### [BRIEF]
Print the line that contains "レンタルセット5万円(税込)均一" and every line after it through the last line of the records below, exactly as written and nothing else.

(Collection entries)
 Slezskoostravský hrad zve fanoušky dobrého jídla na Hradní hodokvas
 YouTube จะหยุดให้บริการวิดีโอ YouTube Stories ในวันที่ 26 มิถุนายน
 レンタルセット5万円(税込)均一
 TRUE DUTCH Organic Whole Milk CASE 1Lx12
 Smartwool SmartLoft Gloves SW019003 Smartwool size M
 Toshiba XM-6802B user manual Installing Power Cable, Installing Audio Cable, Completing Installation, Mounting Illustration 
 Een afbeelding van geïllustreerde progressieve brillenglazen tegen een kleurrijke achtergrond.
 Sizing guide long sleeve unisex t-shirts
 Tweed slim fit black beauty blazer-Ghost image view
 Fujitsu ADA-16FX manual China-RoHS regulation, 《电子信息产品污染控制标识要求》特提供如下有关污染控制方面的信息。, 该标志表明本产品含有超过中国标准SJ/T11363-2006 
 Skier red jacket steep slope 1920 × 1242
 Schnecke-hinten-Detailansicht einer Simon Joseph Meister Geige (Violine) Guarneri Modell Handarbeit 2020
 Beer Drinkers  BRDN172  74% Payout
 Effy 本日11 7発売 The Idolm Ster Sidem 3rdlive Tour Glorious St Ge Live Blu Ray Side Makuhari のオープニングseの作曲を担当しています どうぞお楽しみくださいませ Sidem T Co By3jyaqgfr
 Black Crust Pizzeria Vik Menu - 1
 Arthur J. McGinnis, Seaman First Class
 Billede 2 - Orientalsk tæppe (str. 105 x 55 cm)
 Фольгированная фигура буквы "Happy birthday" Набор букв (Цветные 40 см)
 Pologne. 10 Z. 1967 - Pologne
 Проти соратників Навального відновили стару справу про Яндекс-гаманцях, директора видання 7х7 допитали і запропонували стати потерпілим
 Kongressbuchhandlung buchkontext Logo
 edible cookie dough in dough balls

### [ANSWER TO THIS TASK]
 レンタルセット5万円(税込)均一
 TRUE DUTCH Organic Whole Milk CASE 1Lx12
 Smartwool SmartLoft Gloves SW019003 Smartwool size M
 Toshiba XM-6802B user manual Installing Power Cable, Installing Audio Cable, Completing Installation, Mounting Illustration 
 Een afbeelding van geïllustreerde progressieve brillenglazen tegen een kleurrijke achtergrond.
 Sizing guide long sleeve unisex t-shirts
 Tweed slim fit black beauty blazer-Ghost image view
 Fujitsu ADA-16FX manual China-RoHS regulation, 《电子信息产品污染控制标识要求》特提供如下有关污染控制方面的信息。, 该标志表明本产品含有超过中国标准SJ/T11363-2006 
 Skier red jacket steep slope 1920 × 1242
 Schnecke-hinten-Detailansicht einer Simon Joseph Meister Geige (Violine) Guarneri Modell Handarbeit 2020
 Beer Drinkers  BRDN172  74% Payout
 Effy 本日11 7発売 The Idolm Ster Sidem 3rdlive Tour Glorious St Ge Live Blu Ray Side Makuhari のオープニングseの作曲を担当しています どうぞお楽しみくださいませ Sidem T Co By3jyaqgfr
 Black Crust Pizzeria Vik Menu - 1
 Arthur J. McGinnis, Seaman First Class
 Billede 2 - Orientalsk tæppe (str. 105 x 55 cm)
 Фольгированная фигура буквы "Happy birthday" Набор букв (Цветные 40 см)
 Pologne. 10 Z. 1967 - Pologne
 Проти соратників Навального відновили стару справу про Яндекс-гаманцях, директора видання 7х7 допитали і запропонували стати потерпілим
 Kongressbuchhandlung buchkontext Logo
 edible cookie dough in dough balls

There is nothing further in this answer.